Fulton County President Robb Pitts, a Democrat, criticized the pressure for another review of the 2020 election.
“It is scandalous that Fulton County continues to be the target of those who cannot accept the results of last year’s election,” Pitts said. “The votes were counted three times, including a manual recount, and no evidence of fraud was found. The fact remains that Fulton County safely held an election amid a public health pandemic. It is a shame to see that the “big lie” continues and could cost the diligent taxpayers of this county.
He dismissed concerns over counterfeit ballots as a pipe dream of the Conservatives.
“This counterfeit ballot conspiracy theory has been spread by ‘big lie’ proponents across the country and shot down every time,” Pitts said. “Whether it’s looking for bamboo in Arizona ballots or looking for counterfeits at Fulton’s, it’s nonsense. “
Georgia Election Officer Gabriel Sterling told CNN on Sunday that the Fulton County audit was being encouraged by Trump supporters and that past audits and reporting had found no evidence of fraud.

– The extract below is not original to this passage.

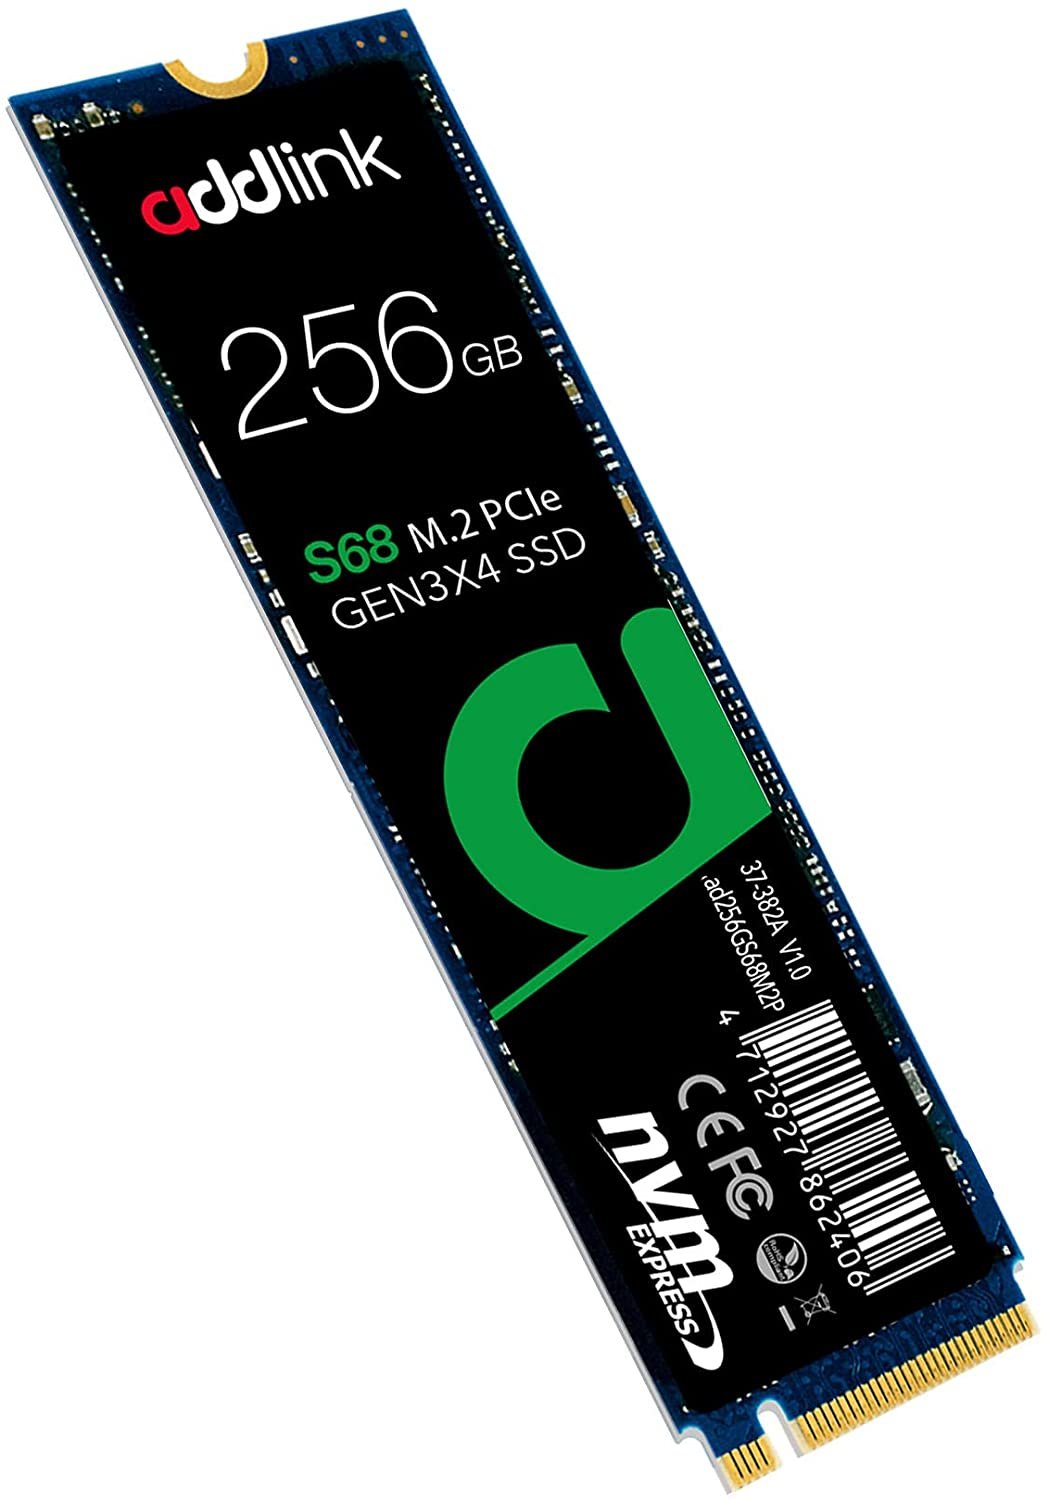 SSD addlink M.2 256GB S68 up to 2000 MB/s NVMe PCIe Gen3x4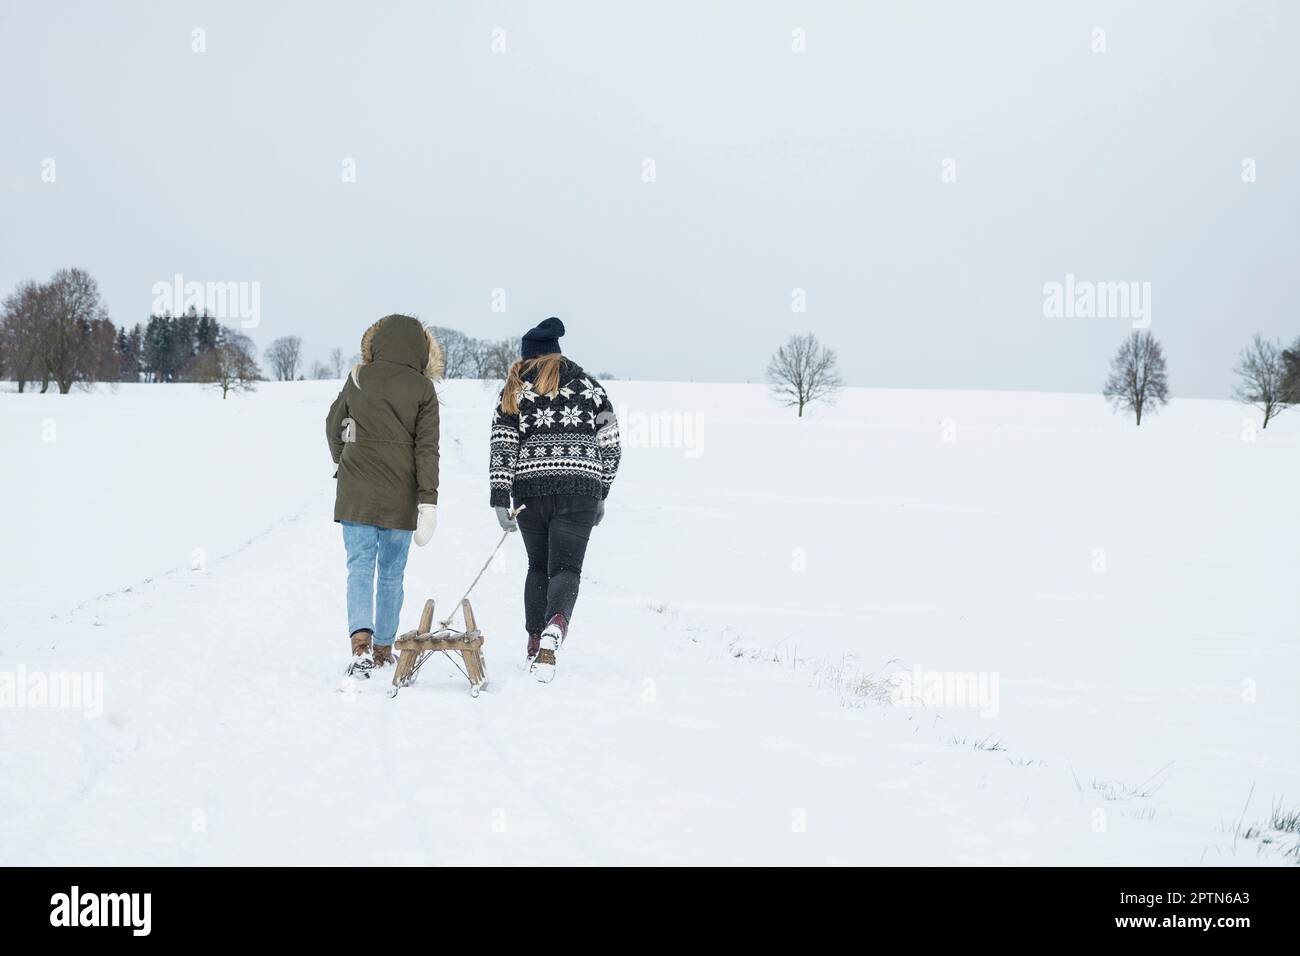 Two teenage girls with sled in snowy landscape in winter, Bavaria, Germany Stock Photo

Officials “have spent literally thousands of hours reviewing ballots in Fulton County and other counties trying to track down these kinds of claims and so far nothing deserves it,” he said. he declared.
Still, he insisted that Georgia’s review of the Fulton County ballots will be much more regulated than the current Arizona audit, which he says is not “a real audit ”and is carried out by inexperienced people who hope to find a fraud.
“They’re going to want to find him. If they can’t find it, they’ll make it intellectually. And they’re going to go to other news outlets who are then going to pump these things into things that aren’t real, which is what we’re seeing in Arizona, ”Sterling said.
CNN’s Sara Murray, Jason Morris, Dianne Gallagher and Fredreka Schouten contributed to this report.